Let's consider 2 approaches.

Decoding data type format. For instance, binary-coded decimal (BCD) can convert HEX values of 54 33 21 to the number 543321. So if the copybook defines the field as being a BCD encoded number Cobrix converts it to numbers. But if a value 54 A3 21 is encountered, it is invalid from BCD perspective since 'A' is not a decimal number. So there is no mapping from that value to a number.
Leaving raw values. If a field is defined as BCD number but we always put raw values to the filed, a BCD number '54 33 21' will be converted to a string having 3 characters 0x54, 0x33, 0x21. And while for any character sequence a string is possible, the field losses its meaning as a number.
Leaving raw numbers only for incorrect values. We can write numbers as numbers when decoding is possible and write raw values otherwise. But in this case, we lose the ability to identify which value is correct.
Additional debugging fields. We have .option("debug", "true") which generates fields having additional values having the original data in HEX encoding. We can add an option to create these fields not as HEX encoding, but as actual raw values. This might be a viable solution.

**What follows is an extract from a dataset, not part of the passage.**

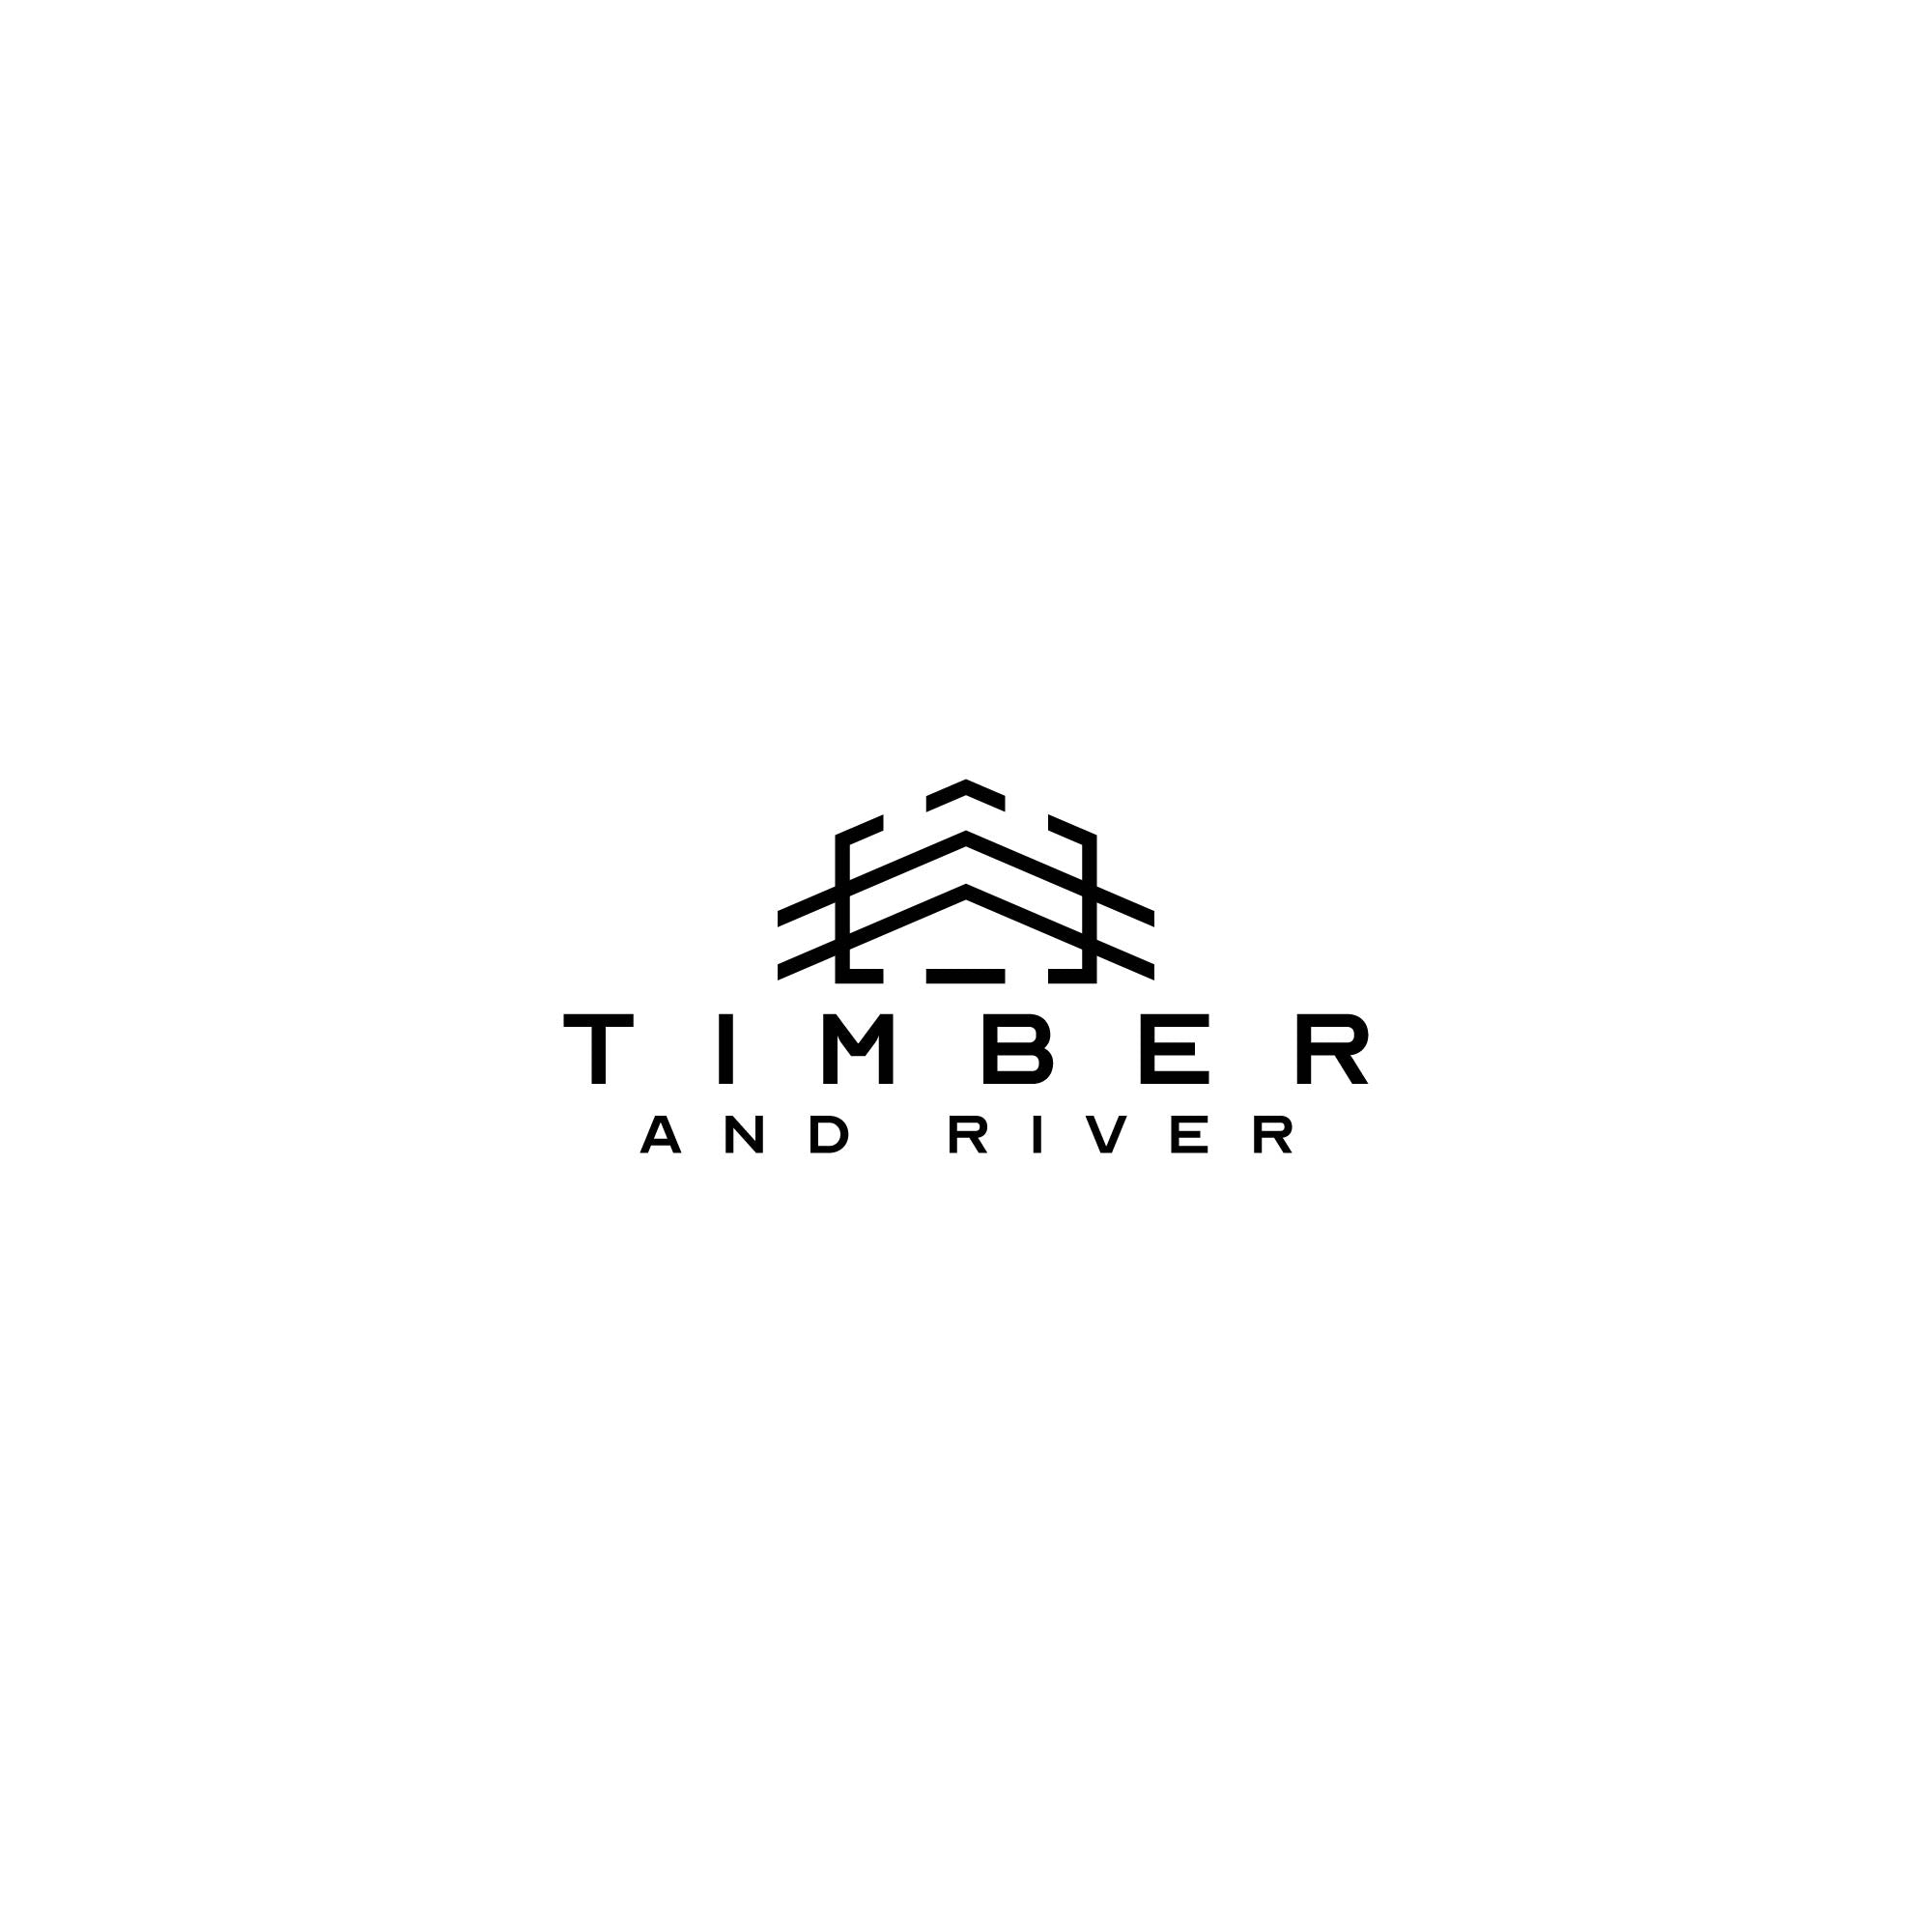 Timber and River

Please, try the debug option. Let us know if it is sufficient for your use case or you would prefer having raw values as debugging fields.

codealways · 2020-05-15T08:35:04Z

Thanks for the quick reply. I checked the #4 option to make debug=true.while converting the HEX number to ascii do i need to always use the character set as Cp037. As Cp037 is one of the encoder character set for EBCIDIC for IBM, do we have any other EBCIDIC character set that may come.

codealways · 2020-05-15T09:47:29Z

For packed Decimal Comp3 S9(2)V999 for the value 12.000 we are getting the HEX as 00000000012000C. but while converting to string with characterset Cp037, its not working as intended because i suppose i need to look for the field datatype from copybook and accordingly convert to ascii.

i.e here C means its positive value and (999) means 3 digits after decimal. Please suggest are there any other ways to convert the values to the raw value in cobrix

yruslan · 2020-05-15T11:35:08Z

The raw values are presented exactly the same way as they were in the original file, no encoding conversion is happening.

I'm trying to understand what do you want to achieve. Could you please provide a made-up example? Something like: "for fields having raw values so and so we want values to be so and so".

codealways · 2020-05-15T14:34:34Z

For example my copybook file is as below

01 StudentDetail
10 Name PIC A(10)
10 ID PIC S9(4) COMP
10 Mark PIC S9(10)V999 COMP-3
after enabling the debug option while loading the ebcidic file I am getting the dataframe as below

Name Name_debug ID ID_debug Mark Mark_debug
John D1D6C8D5 1 0001 15.000 0000000015000C

So if you will see the Mark_debug column if I want to reverse engineer the 0000000015000C to 15.00 then how should I know whether the actual ASCII value in MARK as 15.000 or 015.000. Or is it the case that in ebcidic binary format the data wont come like 015.000. i.e can the data come like this in Mark column which is also a valid data and alligned to datatype.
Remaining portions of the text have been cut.